Graphs of Proportional Relationships

Let's see how graphs of proportional relationships differ from graphs of other relationships.

### Problem 1

A lemonade recipe calls for \(\frac14\) cup of lemon juice for every cup of water.

- Use the table to answer these questions.
- What does \(x\) represent?
- What does \(y\) represent?
- Is there a proportional relationship between \(x\) and \(y\)?

- Plot the pairs in the table in a coordinate plane.

\(x\) | \(y\) |
---|---|

1 | \(\frac14\) |

2 | \(\frac12\) |

3 | \(\frac34\) |

4 | 1 |

### Problem 2

There is a proportional relationship between the number of months a person has had a streaming movie subscription and the total amount of money they have paid for the subscription. The cost for 6 months is $47.94. The point \((6, 47.94)\) is shown on the graph below.

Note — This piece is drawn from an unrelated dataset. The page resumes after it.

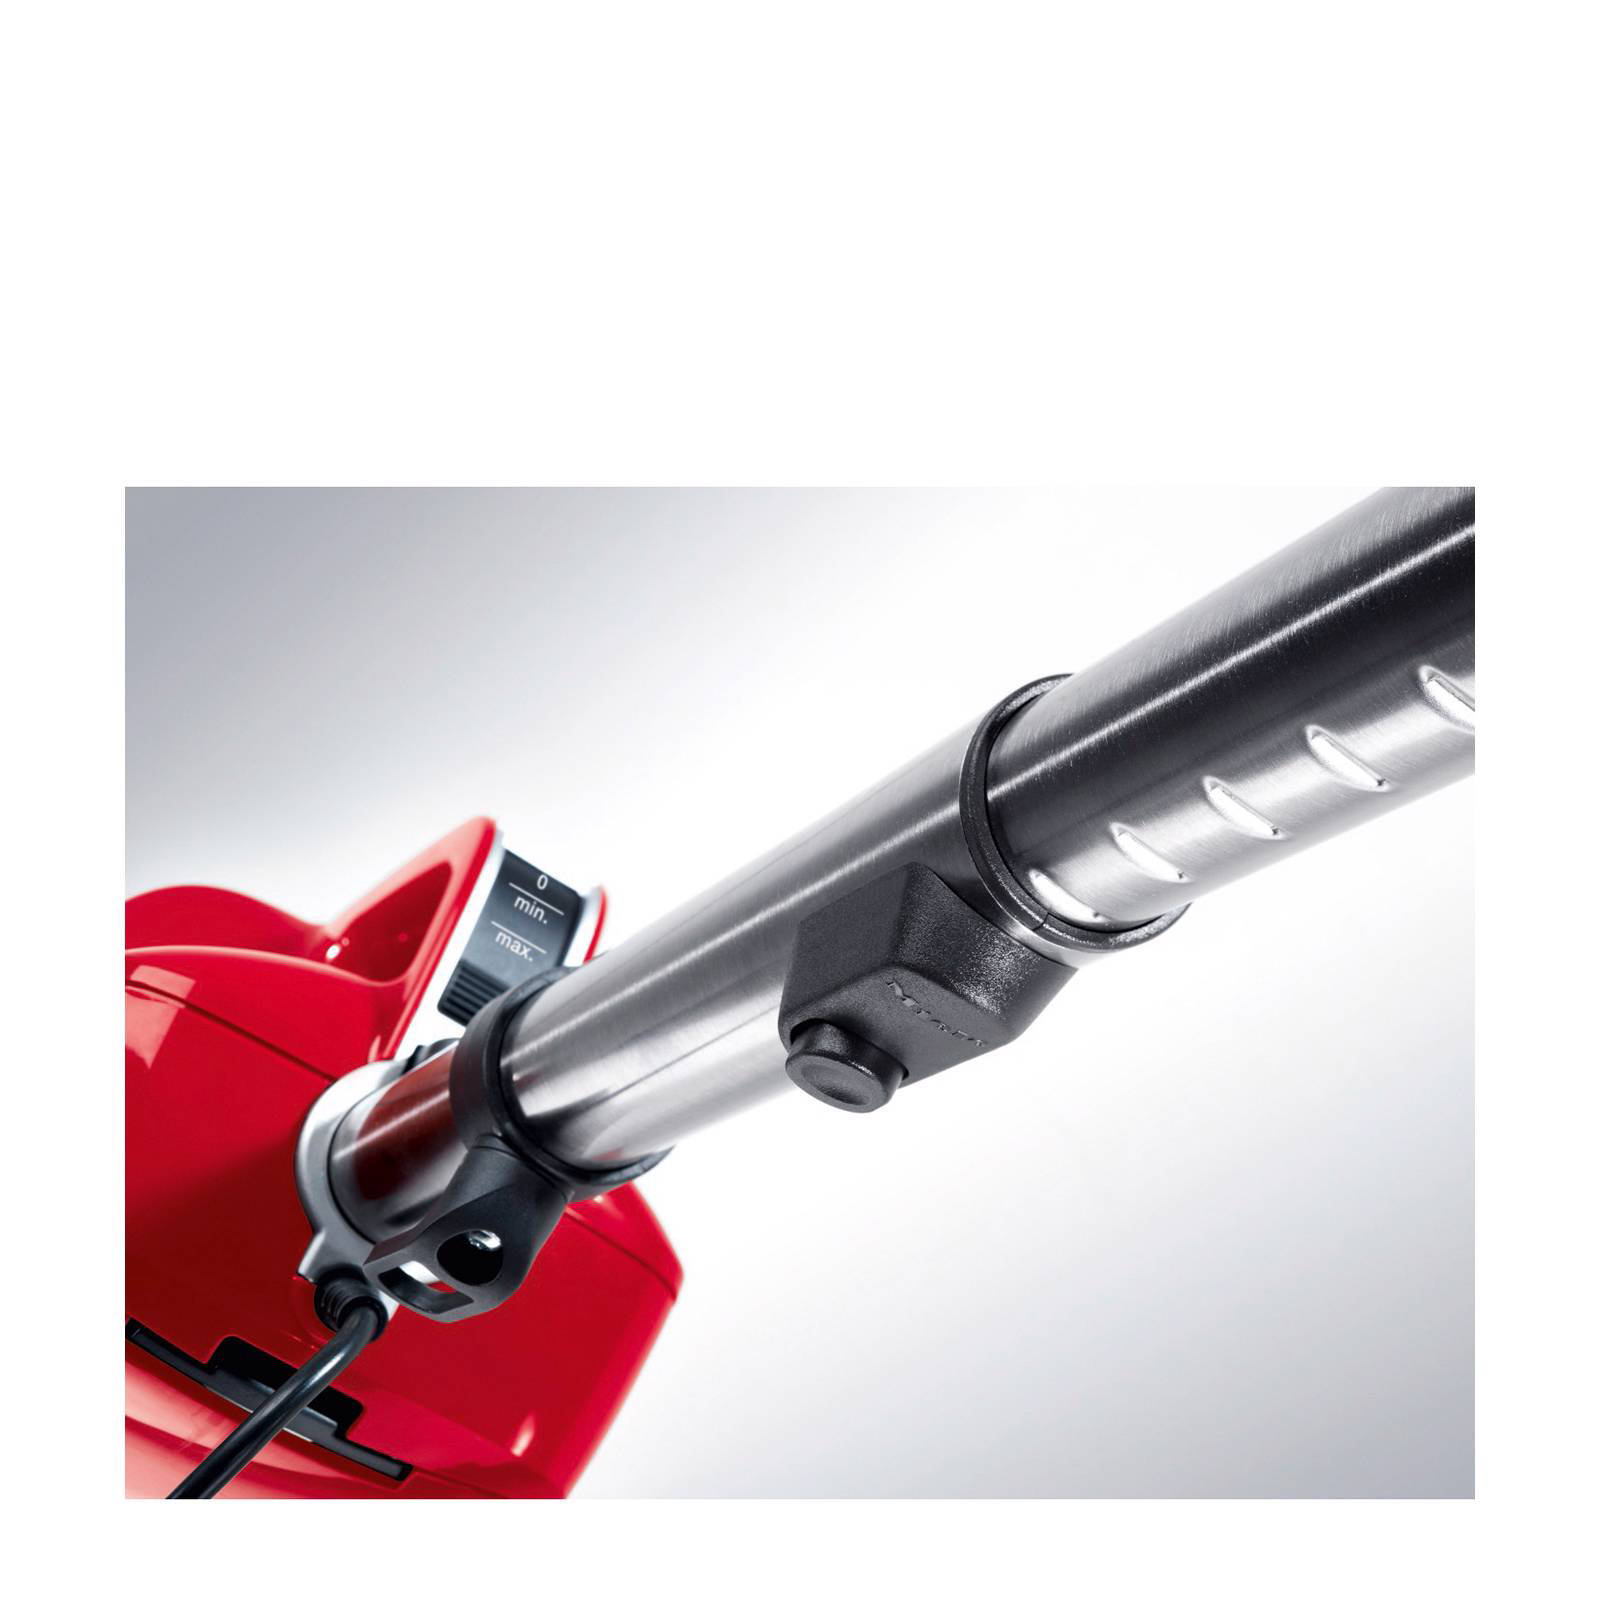 Onwijs Miele Swing H1 steelstofzuiger | wehkamp DT-81
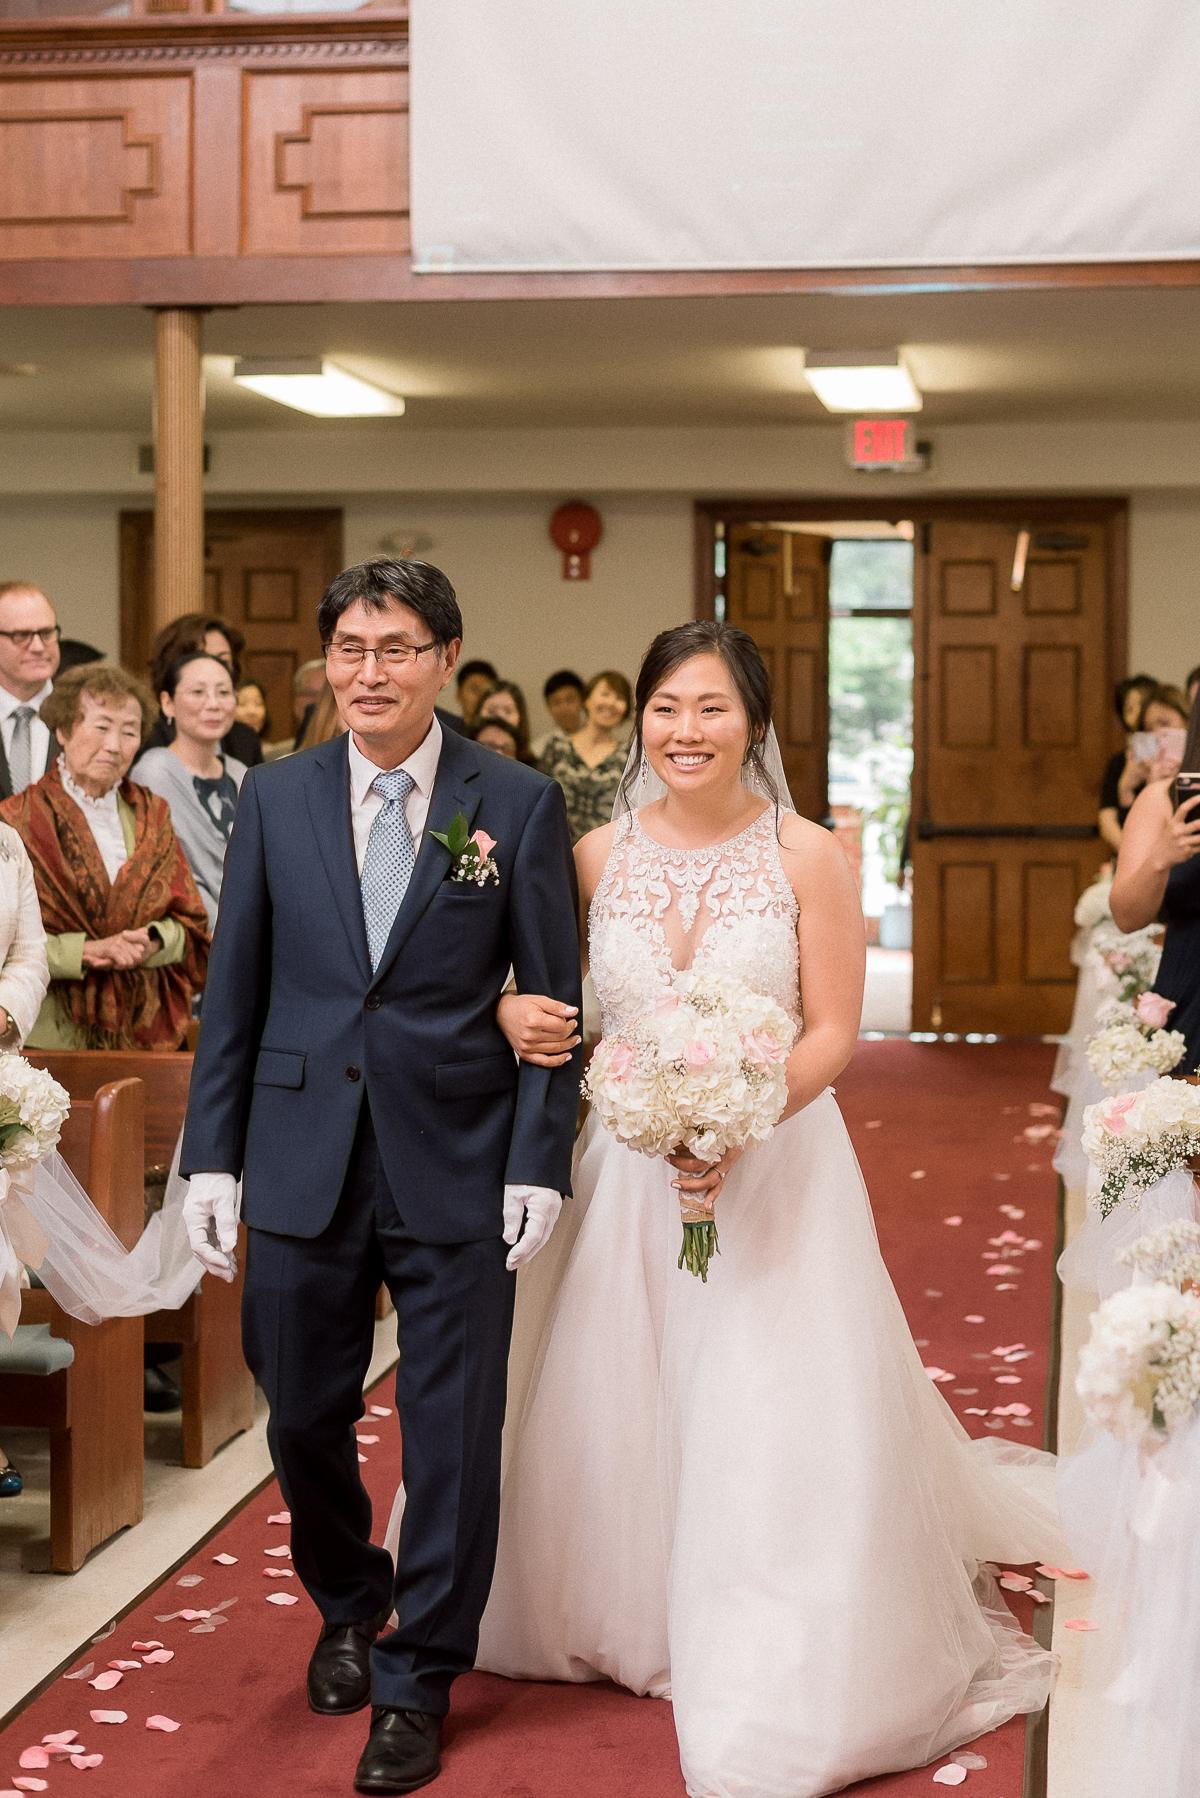 VA-Wedding-Occuqan-Madigan-Waterfront-Bride-Groom-5.jpg

- What is the constant of proportionality in this relationship?
- What does the constant of proportionality tell us about the situation?
- Add at least three more points to the graph and label them with their coordinates.
- Write an equation that represents the relationship between \(C\), the total cost of the subscription, and \(m\), the number of months.

### Problem 3

The graph shows the amounts of almonds, in grams, for different amounts of oats, in cups, in a granola mix. Label the point \((1, k)\) on the graph, find the value of \(k\), and explain its meaning.

### Problem 4

Select **all** the pieces of information that would tell you \(x\) and \(y\) have a proportional relationship. Let \(y\) represent the distance in meters between a rock and a turtle's current position and \(x\) represent the time in minutes the turtle has been moving.

\(y = 3x\)

After 4 minutes, the turtle has walked 12 feet away from the rock.

The turtle walks for a bit, then stops for a minute before walking again.

The turtle walks away from the rock at a constant rate.

### Problem 5

What information do you need to know to write an equation relating two quantities that have a proportional relationship?